LeftMyRidingCropInTheMortuary · 29/07/2015 16:41

Abstinence means desisting from something - usually food or sex!!!!

OP posts:
Sallyingforth · 29/07/2015 16:44

You are wrong, coolwheelspan

From www.gov.uk:

64
You MUST NOT cycle on a pavement.
Laws HA 1835 sect 72 & R(S)A 1984, sect 129

givemushypeasachance · 29/07/2015 16:48

Again though sallyingforth, the home office have issued the police with guidance that says action shouldn't always be taken against cyclists on the pavement unless they're behaving inconsiderately:

"I should stress that the issue is about inconsiderate cycling on the pavements. The new provisions are not aimed at responsible cyclists who sometimes feel obliged to use the pavement out of fear of the traffic, and who show consideration to other road users when doing so. Chief officers recognise that the fixed penalty needs to be used with a considerable degree of discretion and it cannot be issued to anyone under the age of 16." Read more here.

NoSOHisadealbreaker · 29/07/2015 16:49

And we must agree to disagree.

Nope: you were just plain wrong Hedgehog, no two ways about it.

And I speak as one who hates the use of bikes on pavements with a PASSION (but one I keep under control;!)

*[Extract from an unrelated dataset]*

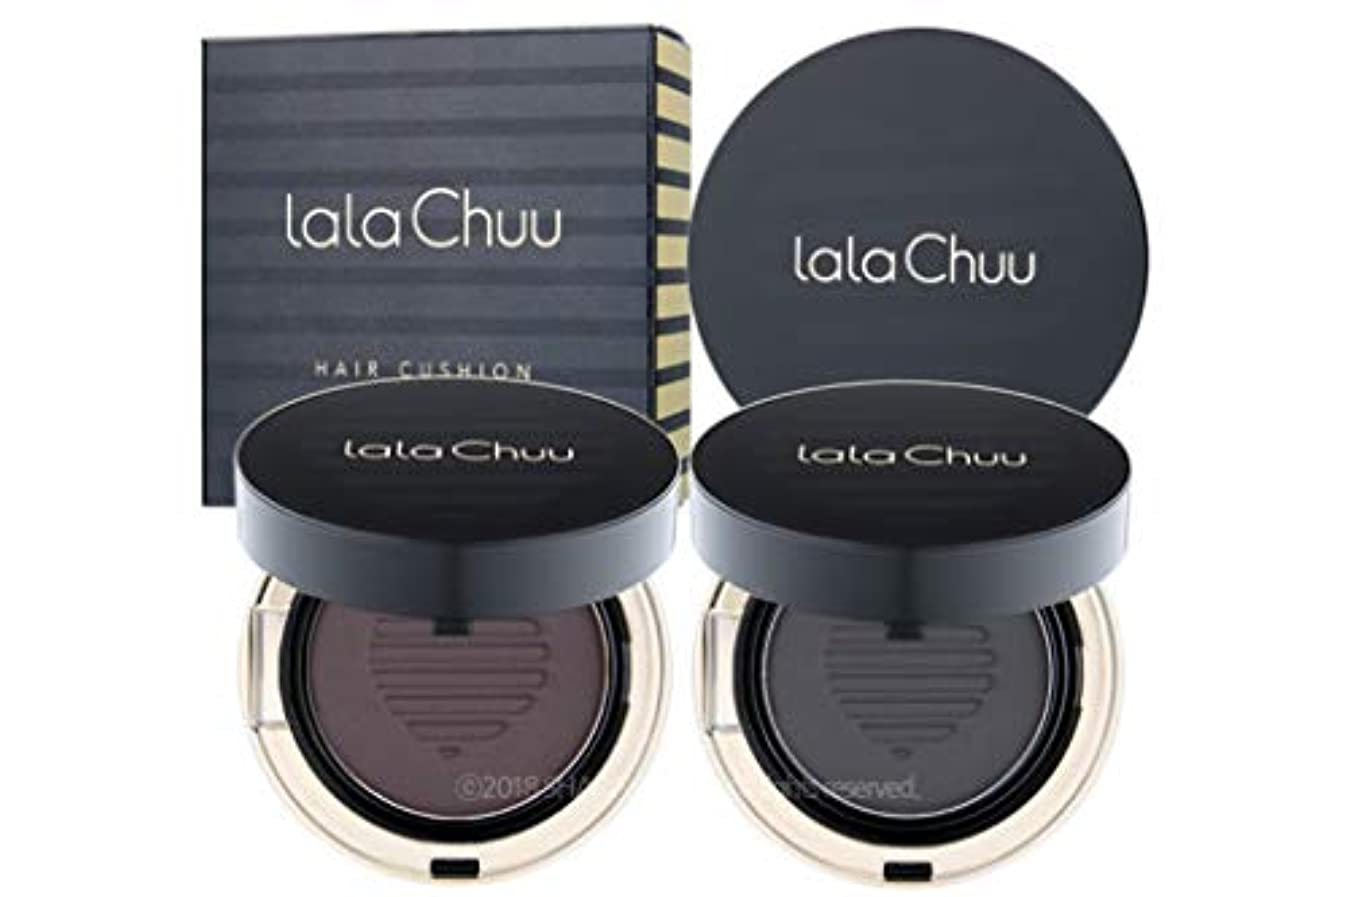 新年課すフィードバック[LALACHUU] ラチュボリュームヘアクッション 15g / lala Chuu VOLUME HAIR CUSHION 15g [並行輸入品] (Natural Black)

sparechange · 29/07/2015 16:50

To all the people making comments about "cowardly" cyclists avoiding the roads - have you actually ever ridden a bike in a city centre with double decker buses and taxis and trucks passing within inches of you and idiots cutting you up to turn left

Yup, 6 miles twice a day, 4 or 5 days a week for the last 5 years, through central London, other than when I was pregnant.

In that time, I've seen probably 20 people falling off their bikes and 3 accidents that required ambulances to be called, and arrived at the scene of a fatality after the event.
The fatality was because a cyclist squeezed them along the inside of a lorry turning left and plonked themselves right in the blind spot.

Of the other other falls and accidents, the only one caused by a driver was when someone opened their door onto the road without looking. I've seen more accidents caused by cyclists jumping red lights and then slamming on their brakes and skidding over than anything else. This morning, a girl on a sit-up-and-beg bike had a very near miss with a taxi while jumping a red light near Victoria. She was also wearing headphones. When the taxi driver remonstrated with her, she hopped up onto the pavement and cycled off.